To overcome the problem of such mutation diversity, we, here, applied a supercomputer-based in silico prediction model that can be used to promptly estimate sensitivity to existing TKIs, obviating the need for time-consuming “wet” experiments. In this model, ΔG_bind values that are highly correlated with sensitivity to drugs can be obtained in approximately 1 wk. Although several reports have proposed the availability of the in silico approach, by employing MD simulation, for predicting drug sensitivity of several EGFR mutations (28, 29), our model demonstrated the highest prediction accuracy based on comparisons with experimentally obtained sensitivity values. These results indicate the usefulness and robustness of our model and show the potential to overcome mutation diversity in cancer. Here, in this study, we evaluated our model based on experimentally observed values for binding affinity. Since osimertinib is one of the targeted covalent inhibitors, further discussion on both the binding affinity and the rate of the subsequent bond-forming reaction will be needed. Of course, the clinical utility of our method should be evaluated in humans since it has been evaluated only in the PDX model. In this study, we indicated the efficacy of osimertinib for several EGFR exon 20 mutants. Thus, we have launched a clinical trial to evaluate the efficacy of osimertinib for cases with EGFR exon 20 insertion mutations [University Hospital Medical Information Network (UMIN) 000031929]. Prospective in silico and in vivo studies of these patients will prove the utility of our prediction method. Recent large-scale genomic characterization programs as well as rapid technological advancements have enabled the application of NGS in the clinical setting to identify numerous mutations in a variety of genes in lung and other cancers. Nonhot spot EGFR mutations have been discovered in small fractions of several cancers other than NSCLC. Application of our method might improve the prognosis of cancer patients by guiding drug development or promoting drug repositioning based on information on VUS in cancers.

Methods

Patients.

LC-SCRUM-Japan is a prospective, nationwide clinical and genomic screen of lung cancer (UMIN ID: UMIN000010234). In this study, a total of 3,779 NSCLC patients were enrolled from February 2013 to March 2017. Cases with NSCLC stage II or more advanced stage [tumor, nodes, metastasis (TNM) classification version 7], which were confirmed to have no major EGFR mutations (exon 19 deletions, L858R, G719X, or L861Q) by local hospitals, were included. The methods of EGFR mutation detection performed in local hospitals included PNA-LNA PCR clamp, Scorpion-ARMS, Cyclerve PCR, PCR-invader, or Cobas EGFR mutation assay v.2. All patients provided written informed consent for the entry to the LC-SCRUM-Japan study.

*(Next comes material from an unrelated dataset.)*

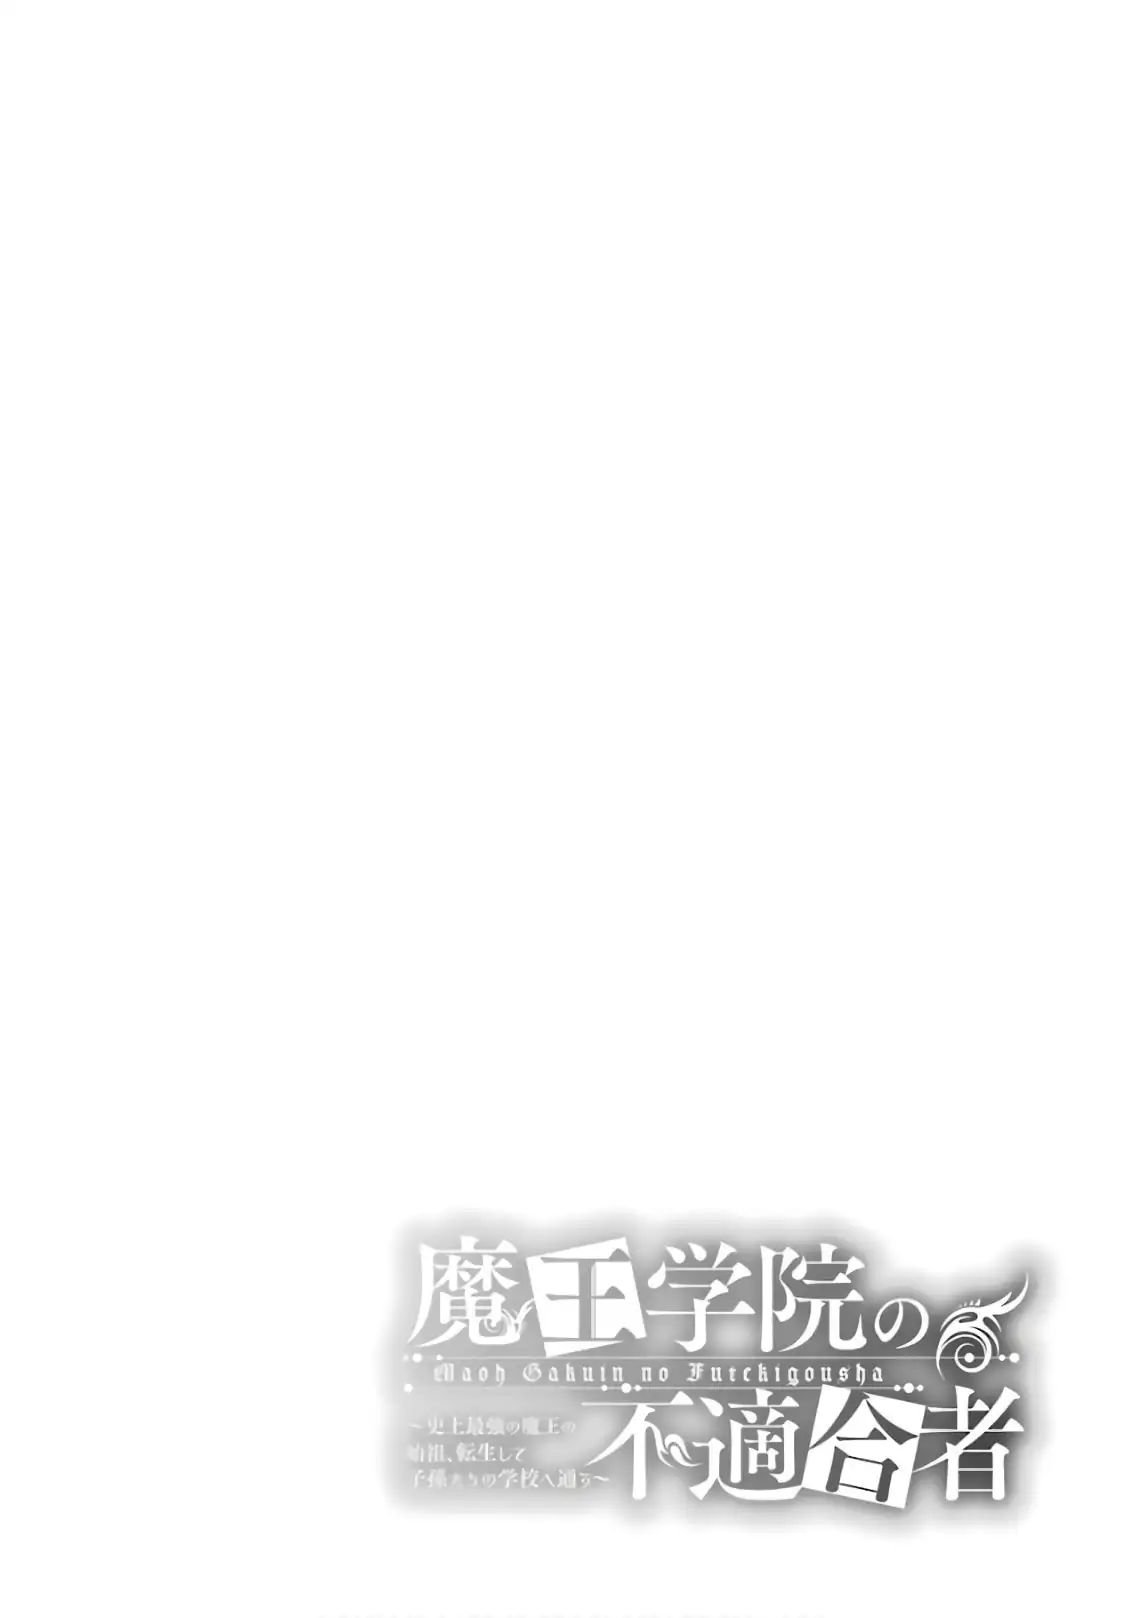 😮😄😄😄😄😂 #manga Maou Gakuin no - Manga News and Chapter

DNA Extraction and Next Generation Sequencing.

In this study, DNA samples were extracted from fresh frozen specimens or pleural effusion. From October 2013 to June 2014 (first cohort), DNA samples from 201 cases were analyzed by a targeted NGS assay, the Ion Ampliseq Cancer Hotspot Panel (Thermo Fisher Scientific). From March 2015 to March 2017 (second cohort), DNA samples from 1,963 cases were analyzed by another targeted NGS assay, the Oncomine Comprehensive Assay (OCA v.1) (Thermo Fisher Scientific). Sequencing of the paired normal tissues or blood was not performed in this cohort. We selected potential somatic mutations those are registered as “confirmed somatic” in the COSMIC (Catalogue Of Somatic Mutations In Cancer) database. The mutations confirmed as somatic mutations by the COSMIC database are indicated with * in SI Appendix, Table S1. The present study was approved by the institutional Ethics Committee of all 217 institutions (SI Appendix, Table S10) that participated in the LC-SCRUM-Japan cohort. All patients provided written informed consent for the molecular analysis of their samples. All analyses were done at SRL, Inc.

Statistical Analysis.

IBM SPSS Statistics 24 was used for data management and statistical analyses. For descriptive analysis, quantitative variables are expressed as the median and range. Categorical variables are expressed as the number of cases and percentage. Two-sided Student’s t tests were used for pairwise comparisons. The Pearson’s correlation test was performed to calculate R and P values. All statistical analyses were conducted with a significance level of α = 0.05 (P < 0.05). All P values are two-sided.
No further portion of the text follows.